■ Collected material
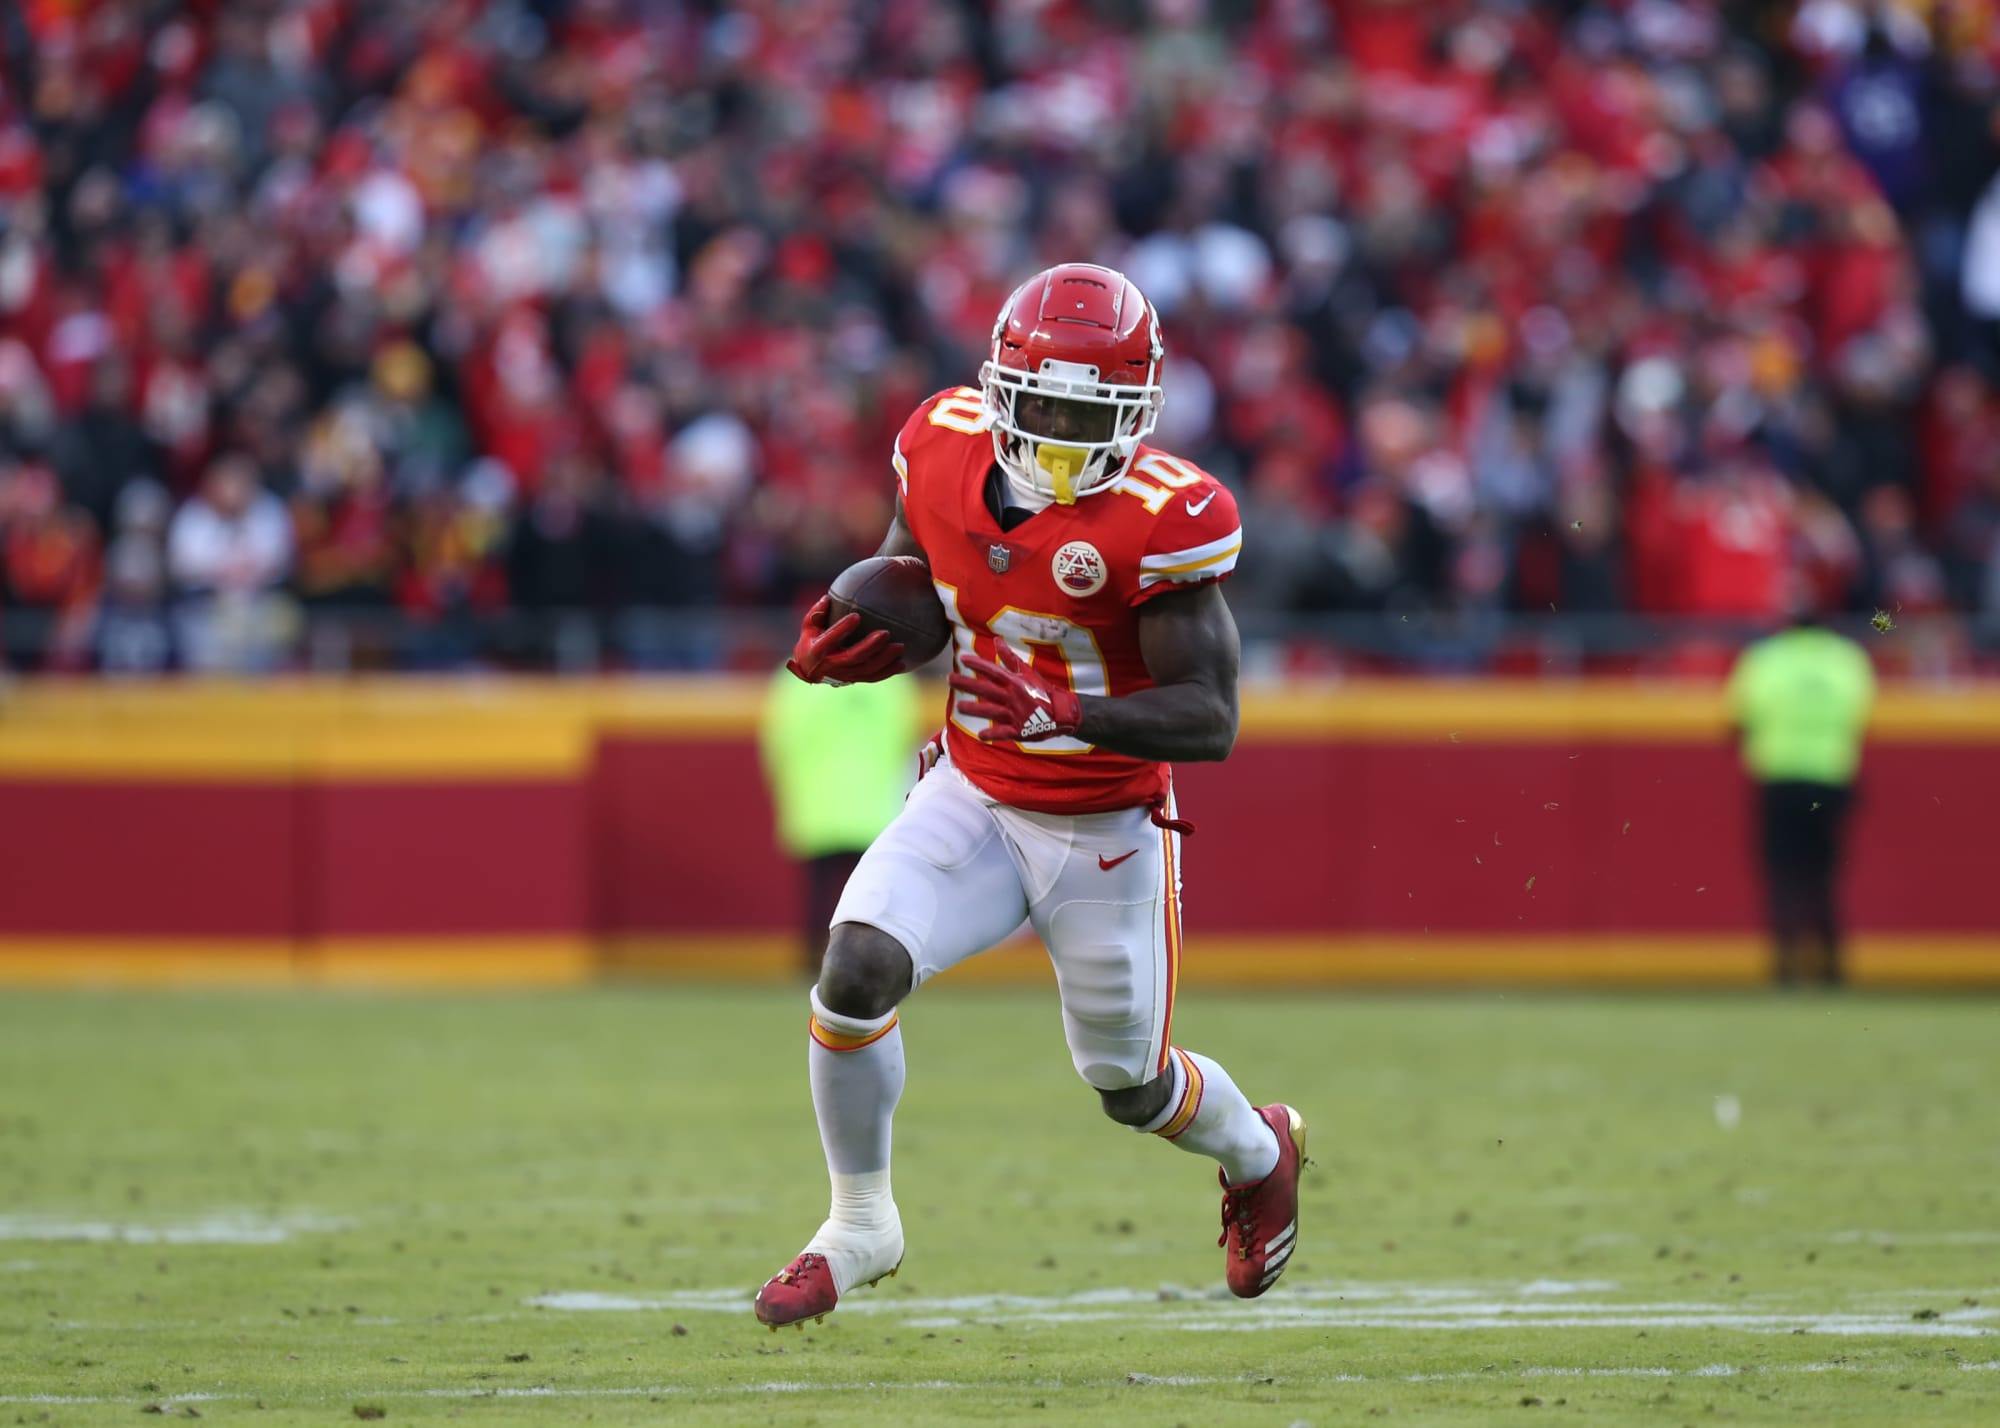 Kansas City Chiefs: No need to rush Tyreek Hill back into offense
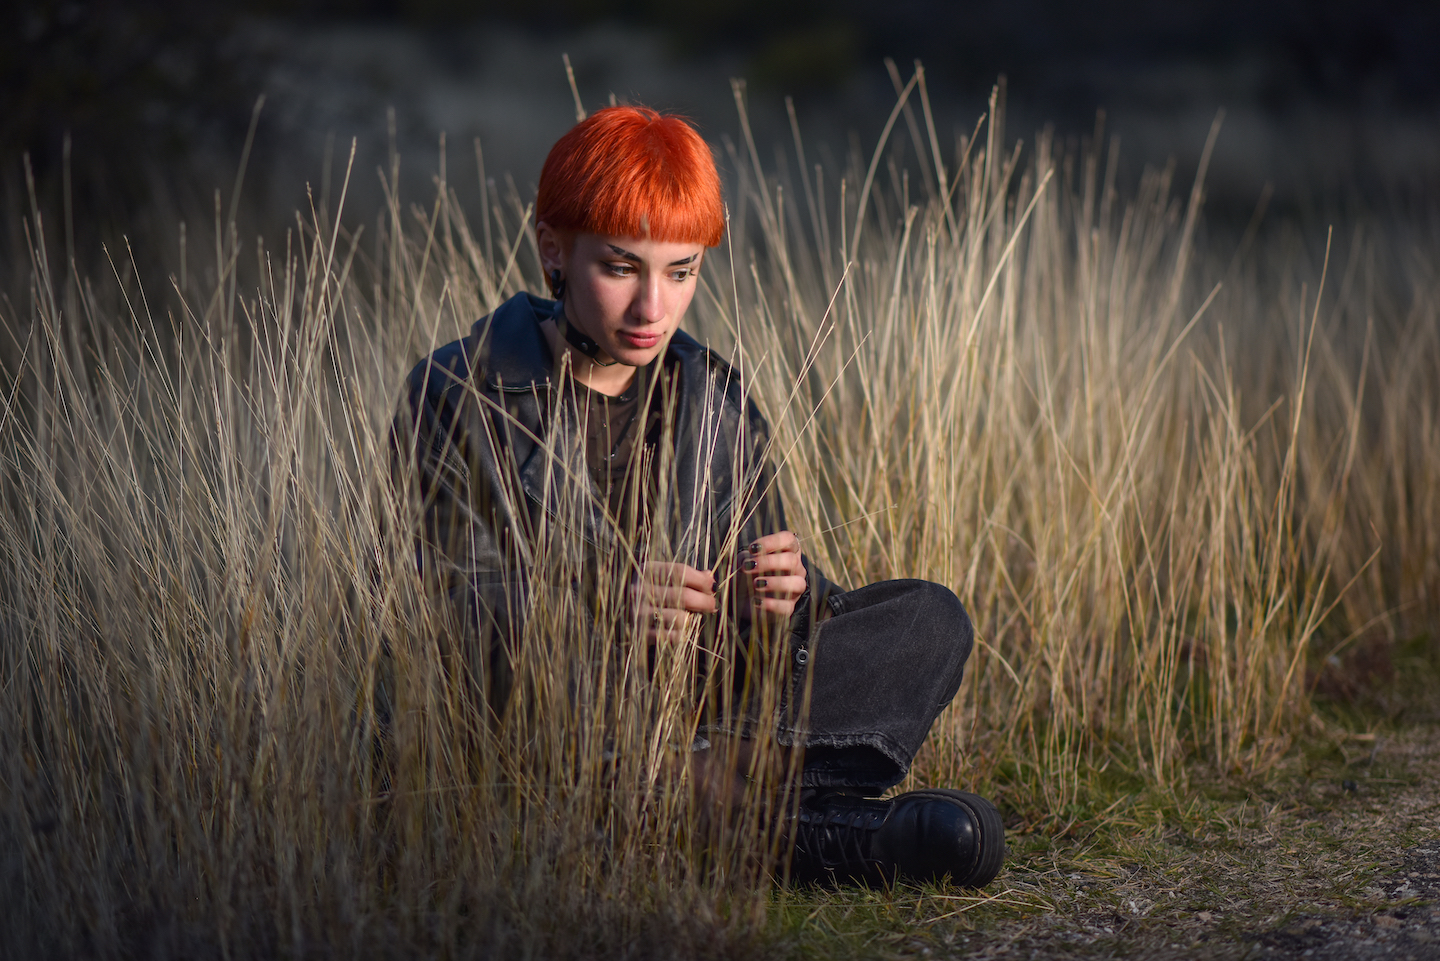 a girl with short red hair sits solemnly on the ground
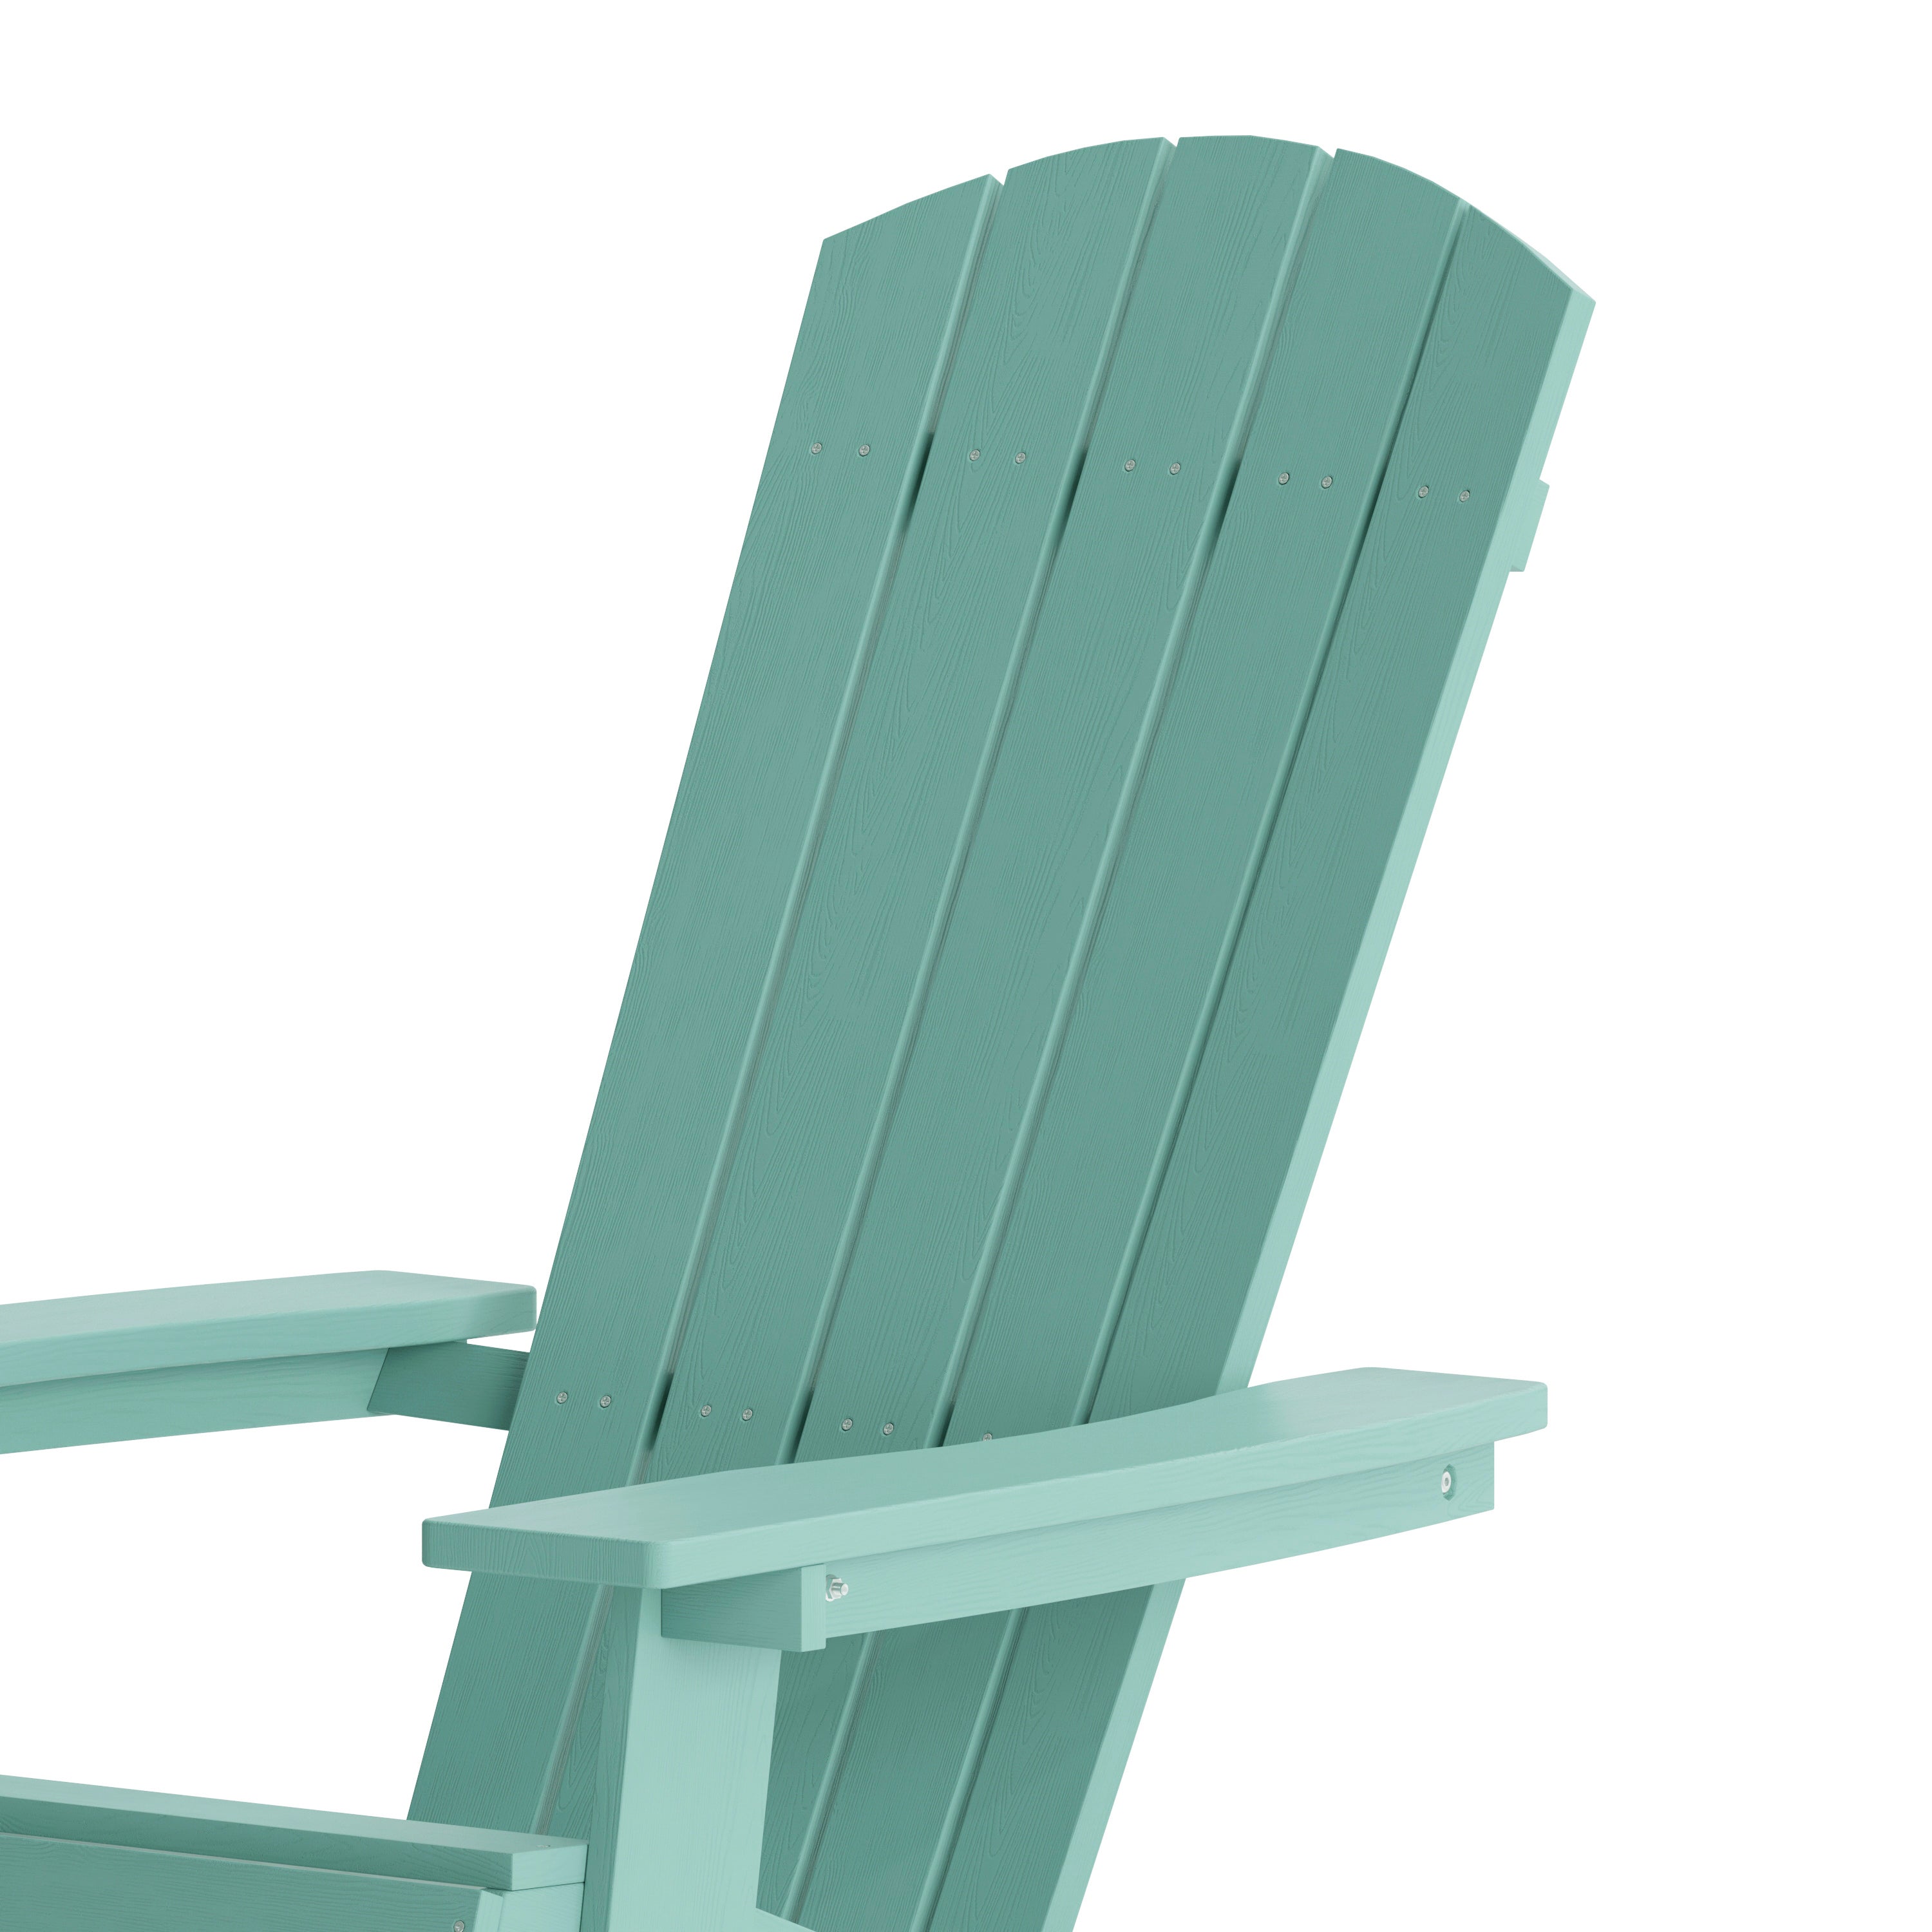 Charlestown All-Weather Poly Resin Indoor/Outdoor Folding Adirondack Chair-Adirondack Chair-Flash Furniture-Wall2Wall Furnishings

■ Brief
The whole listing must be restated word for word. Leave out any pictures.

■ Solution to this exercise
 Kansas City Chiefs: No need to rush Tyreek Hill back into offense
 a girl with short red hair sits solemnly on the ground
 Charlestown All-Weather Poly Resin Indoor/Outdoor Folding Adirondack Chair-Adirondack Chair-Flash Furniture-Wall2Wall Furnishings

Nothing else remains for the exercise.